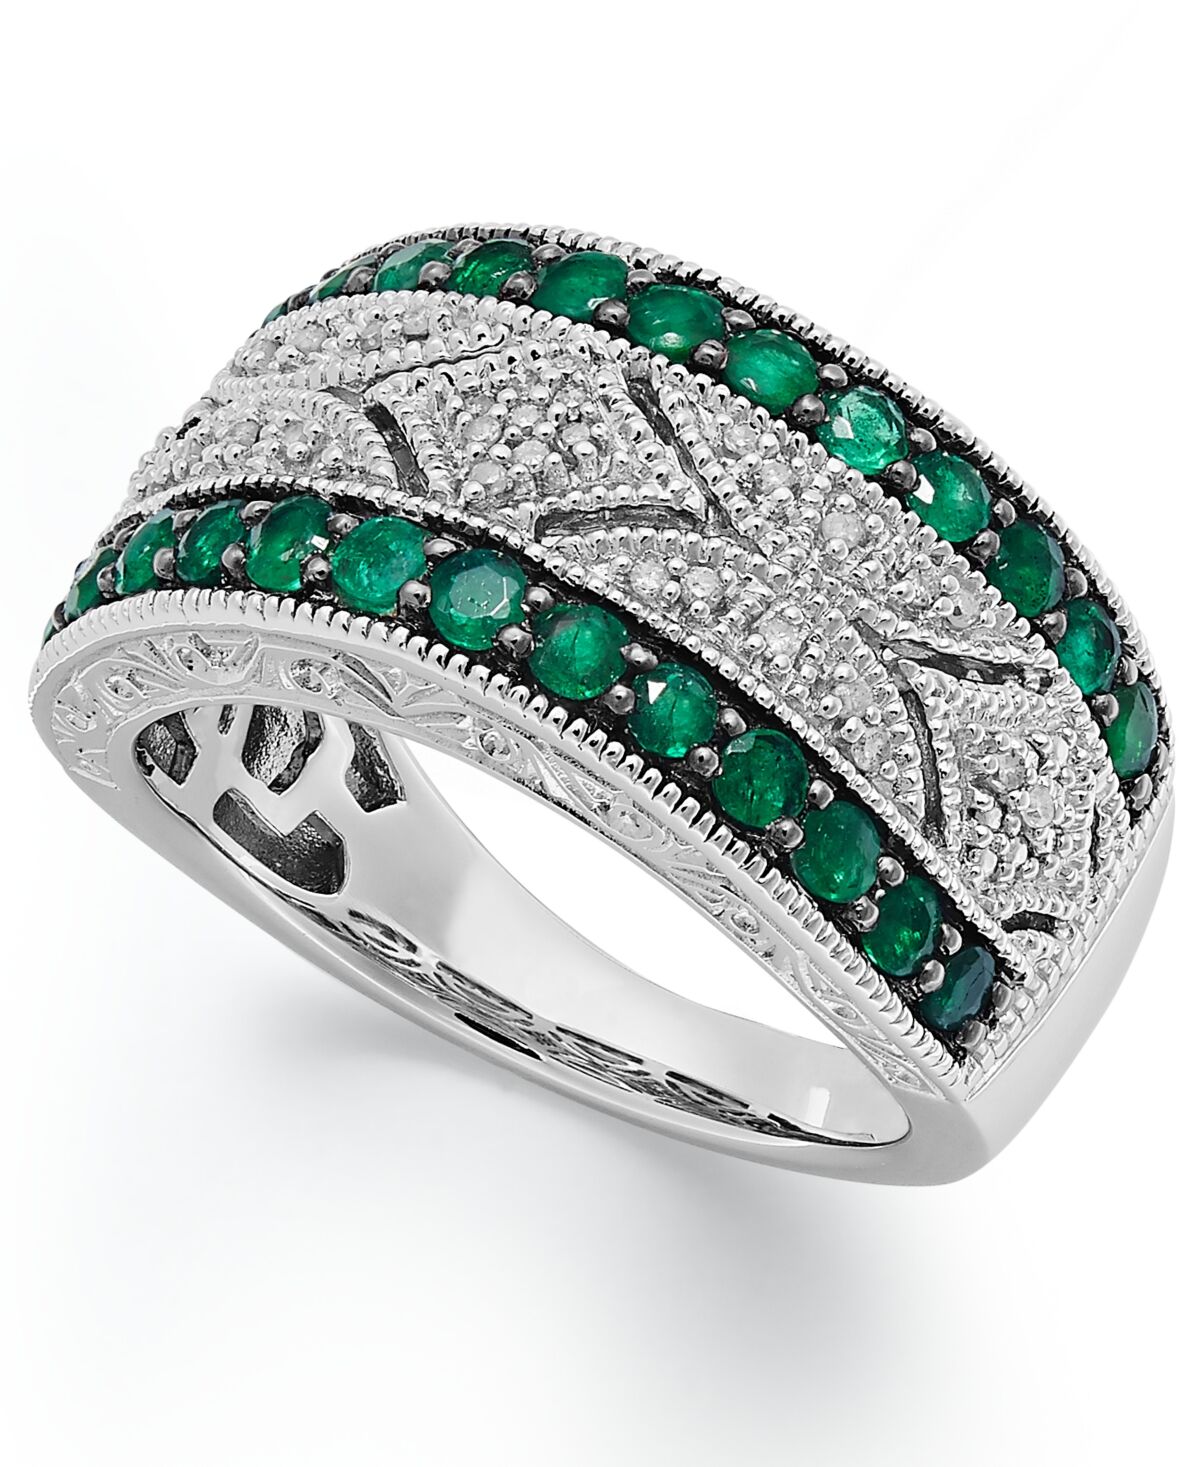 Macy's Sapphire (1 ct. t.w.) and Diamond (1/10 ct. t.w.) Ring in Sterling Silver (Also Available in Emerald and Ruby) - Emerald
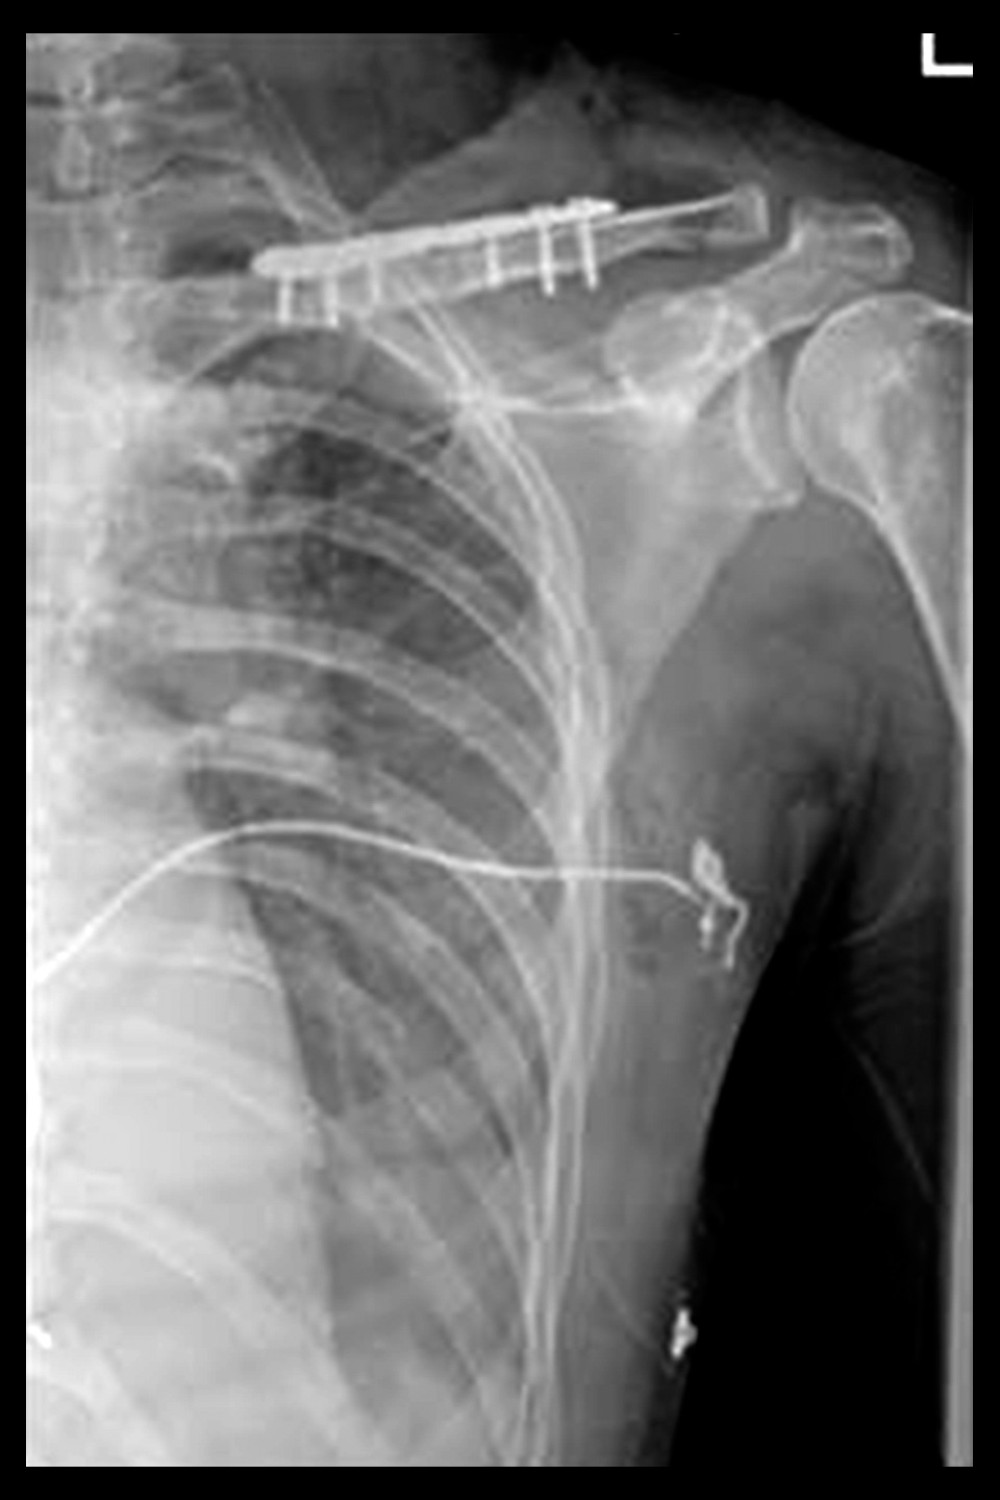 Postoperative X-ray of the clavicle fracture of the second patient.
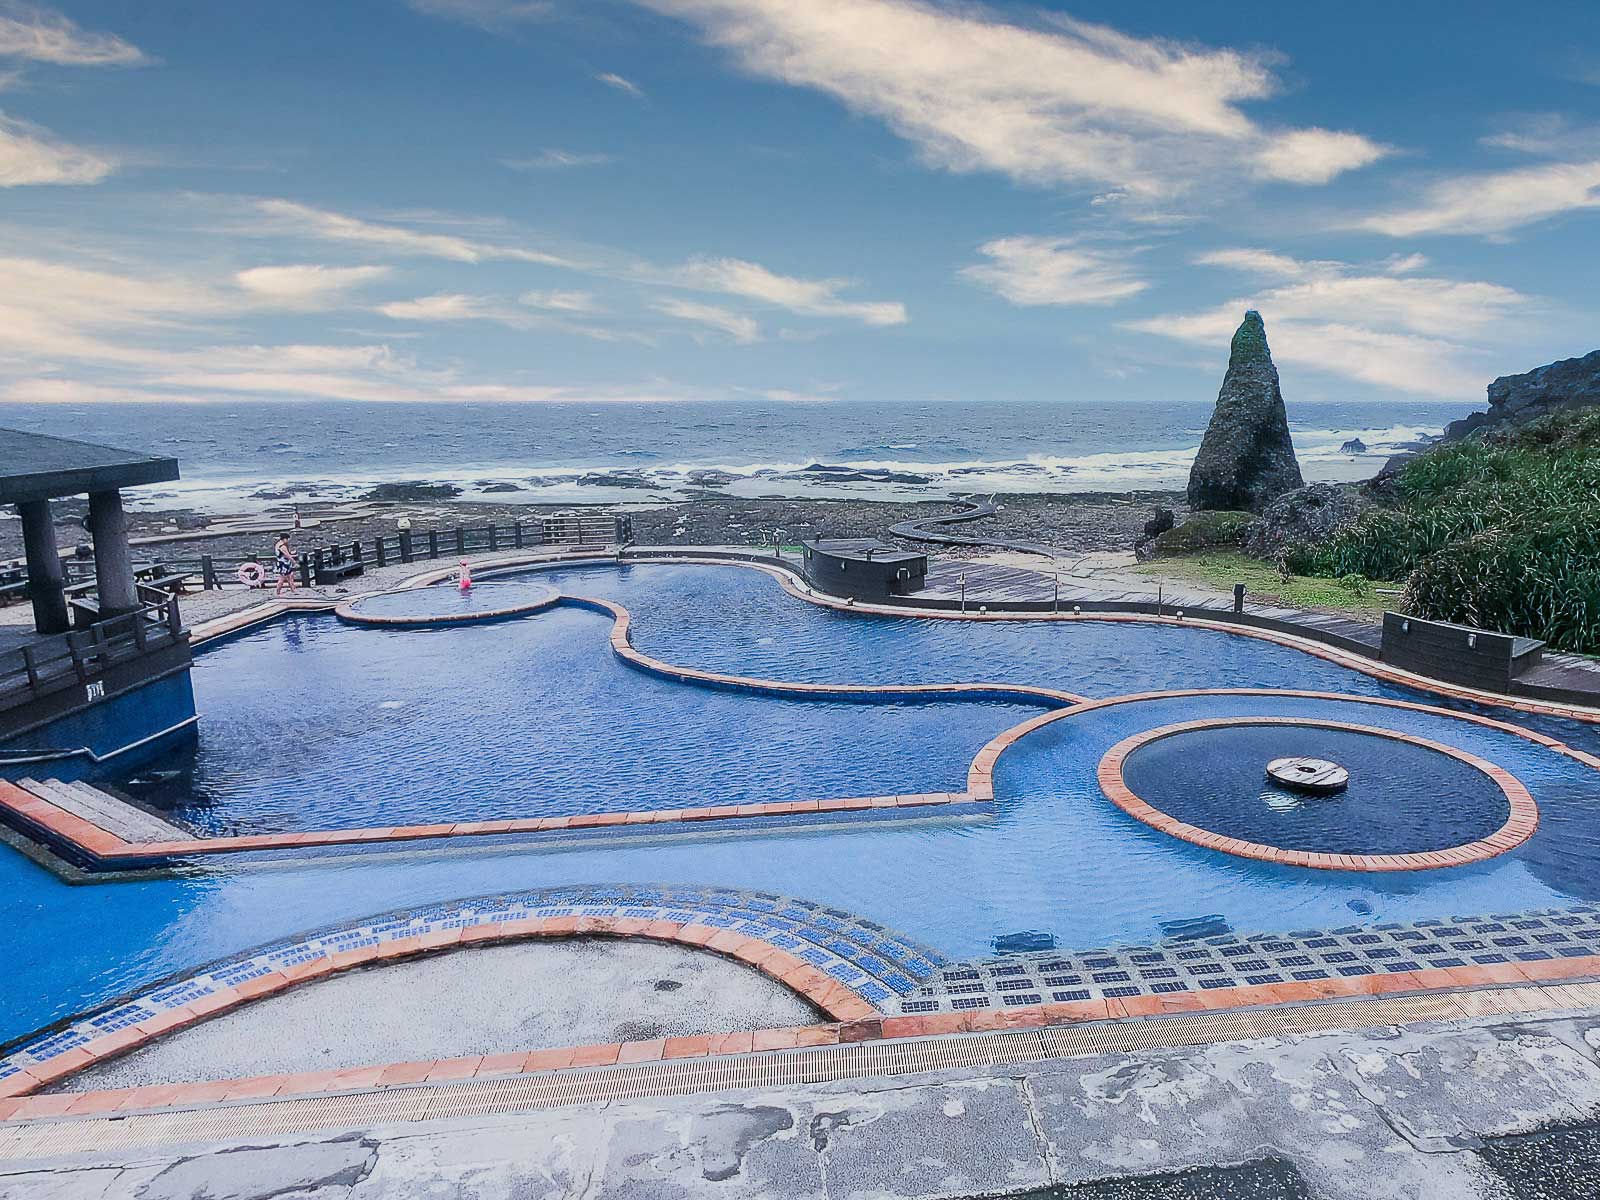 Multiple tiers of hot spring pools lead down to the volcanic coast at Green Island's Zhaori Hot Spring.

**Action item**
Output the complete listing exactly as it appears, except for the images.

**Output**
 Macy's Sapphire (1 ct. t.w.) and Diamond (1/10 ct. t.w.) Ring in Sterling Silver (Also Available in Emerald and Ruby) - Emerald
 Postoperative X-ray of the clavicle fracture of the second patient.
 Multiple tiers of hot spring pools lead down to the volcanic coast at Green Island's Zhaori Hot Spring.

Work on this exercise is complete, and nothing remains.